Wareham obviously knows his stuff when it comes to the personalities in the films, using the breaks between the songs to tell anecdotes about them and their lives. What quickly becomes apparent is how damaged and vulnerable much of the Factory crowd were.

Ingrid Superstar, whose film is played out by the group with a version of Luna’s B side, ‘Eyes in Your Smoke’, starts her screen test laughing and smiling and making obscene gestures at the camera, and finishes it, her head tilted away, almost on the point of tears.

Others are more defiant. The young Lou Reed smirks cockily, taking occasional swigs from a coke bottle, while Wareham and Phillips’ band bash their way through the thunderous garage rock of ‘I’m Not A Young Man Anymore'. Paul America, a notoriously violent boyfriend of Edie Sedgwick’s, chews gum and grins nastily at the camera, looking like he is about to nut it, as a reworked version of Luna’s swaggering ‘Teenage Lightning’ is played.

The reaction of Superstar, who went out from her mother’s house in 1986 to buy cigarettes and never returned, leaving her false teeth behind in the sink, is, however, more typical. The subjects of the film were asked to sit still and not blink for three minutes, but few do so.

Ann Buchanan, a flatmate of Allen Ginsberg, manages, but finishes her screen test, against the backdrop of a melancholy instrumental, with quiet tears, first from her left eye, and then joined by her right, pouring down her face.

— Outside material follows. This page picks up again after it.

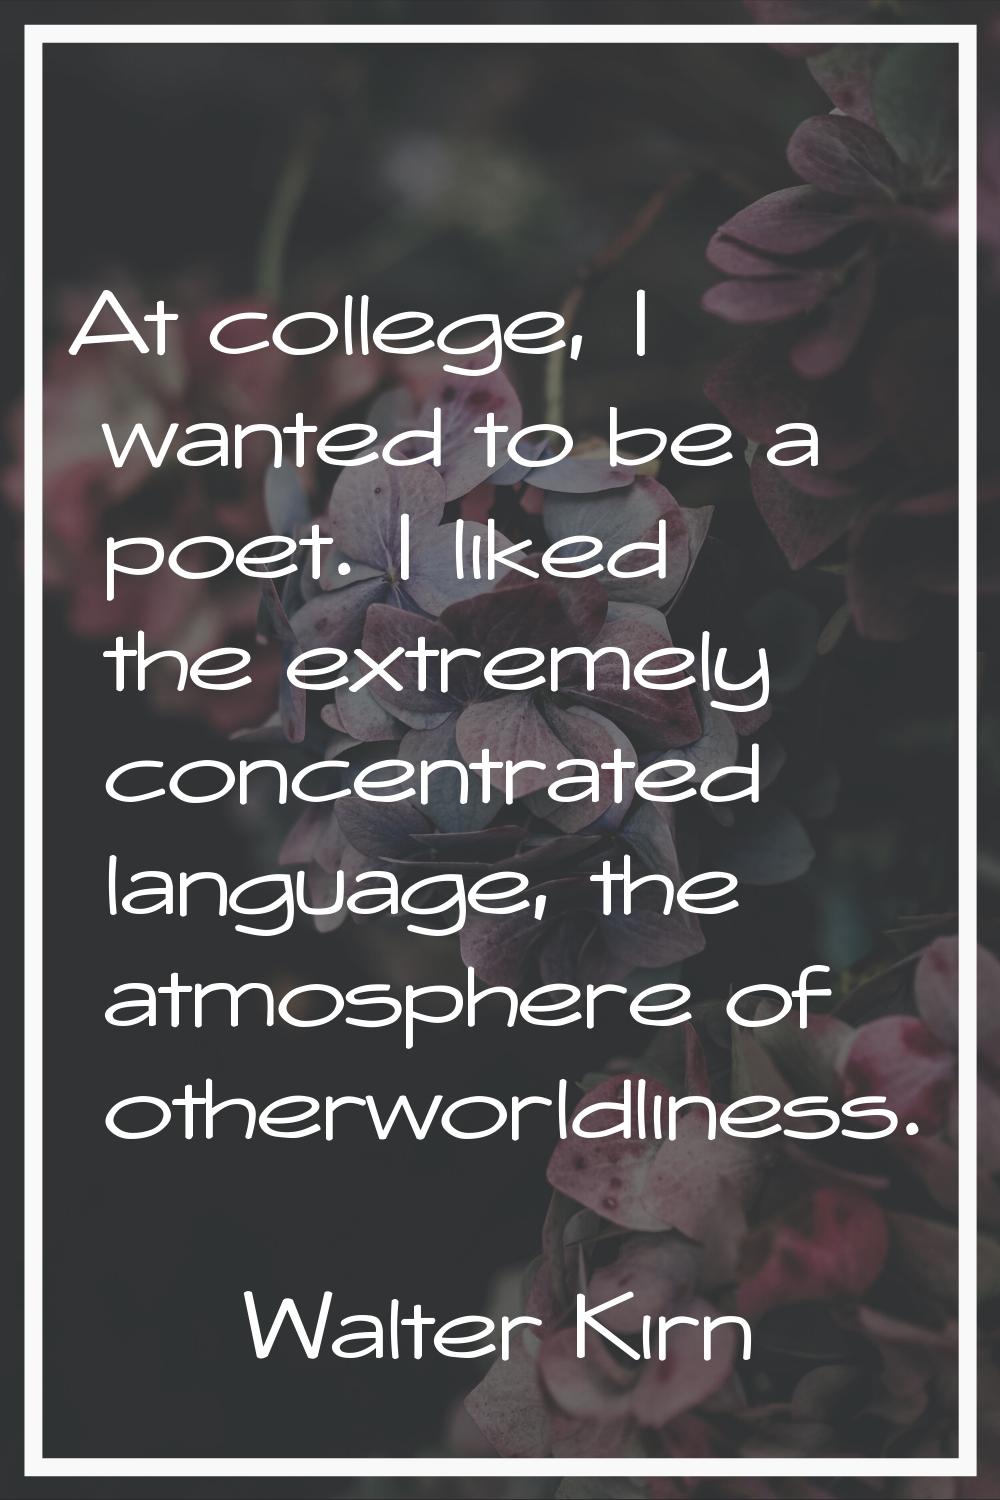 At college, I wanted to be a poet. I liked the extremely concentrated language, the atmosphere of o
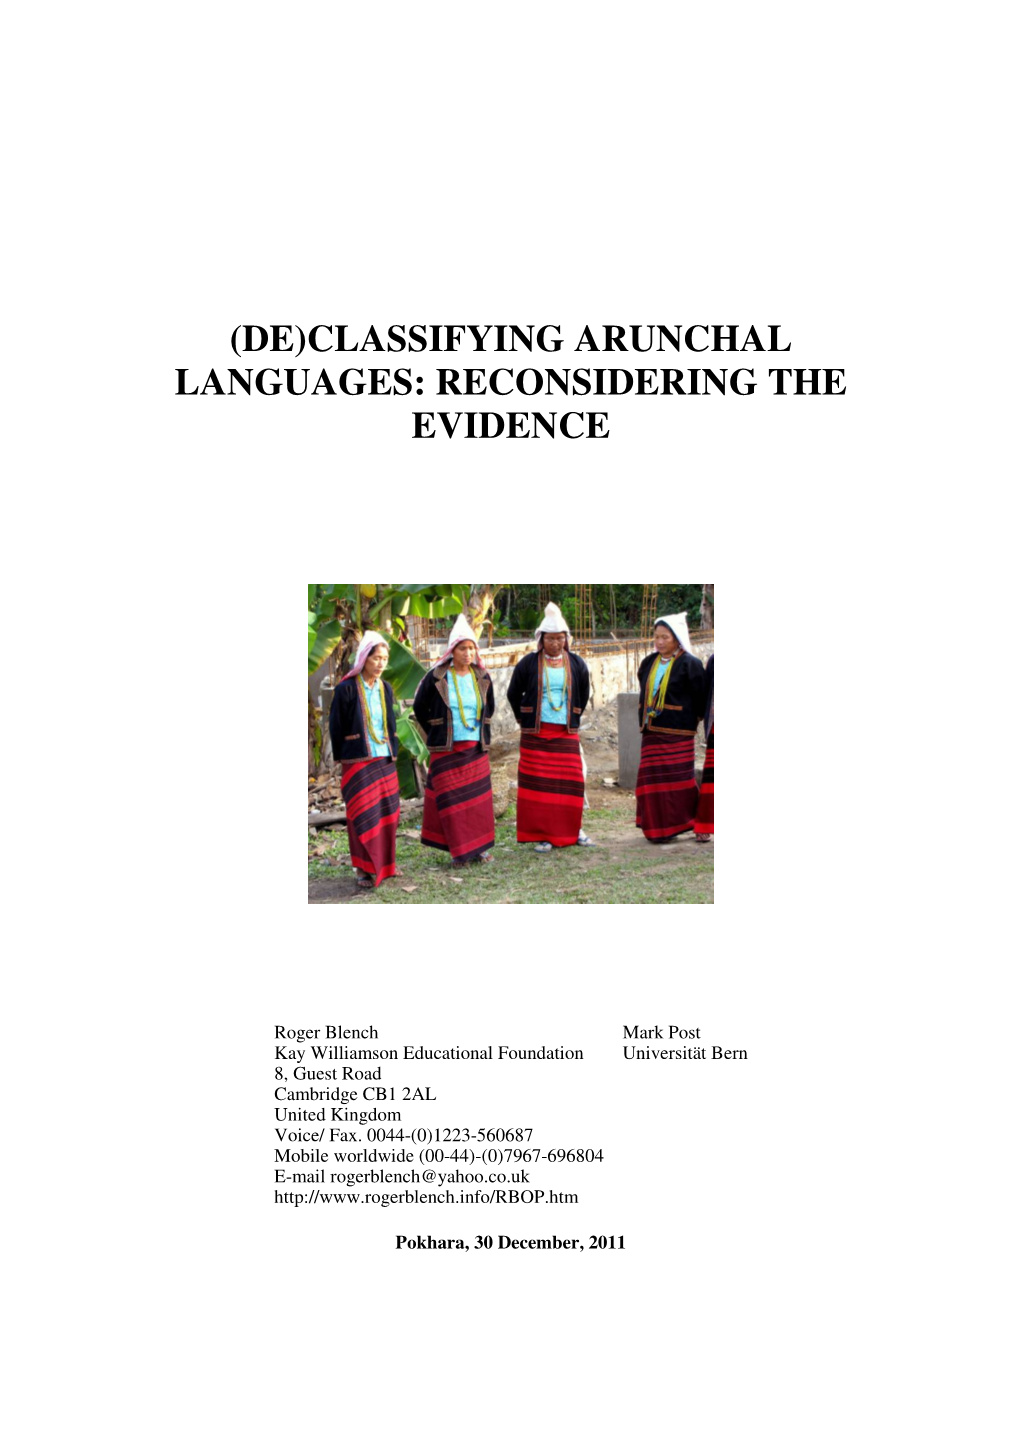 (De)Classifying Arunchal Languages: Reconsidering the Evidence

Already seeming lost and doomed, Edie Sedgwick looks simply startled. As the group play their breezy cover of ‘I’ll Keep It With Mine’ with Phillips on main vocals, Nico fidgets and fumbles with the magazine she has brought as a prop, rolling it up at one point into an imaginary periscope. Hollywood actor Dennis Hopper can’t look at the camera at all, head broodingly slouching down to stare at his feet at several points during his film, at others clenching his eyes firmly shut.

Perhaps most poignant of all is the screen test of Freddy Herko, an amphetamine-hooked dancer. He died a few months after his film was made when he threw himself out of the window of a friend’s fifth floor apartment as he danced to his favourite piece of music, Mozart’s ‘Coronation Mass’. Herko is restless throughout, smokes constantly, nervously squirms around in his seat and even at one point breaks all the rules and stands up. As he rises from his chair near the end of the film, the music rises into a dervish waltz and then abruptly slams to a stop. It is an incredible, heart stopping moment, one which captures both the epic grandeur and tragic futility of his death.

The Dunfermline Carnegie Hall has been the perfect venue for this evening. Intimate, and old-fashioned, largely wood-panelled and with old signs for the fire exits and toilets that look like they have been there for forty years or more, its splendid acoustics have enhanced Wareham and Phillips’ evocative soundtrack. It is almost as if we have been transported back in time to the same era in which these little seen films were made. It has been an unique and special experience to be dropped into and allowed access into all the heartache, drama and occasional humour of these often short lives, in a venue which really deserves to be used more often for this kind of event.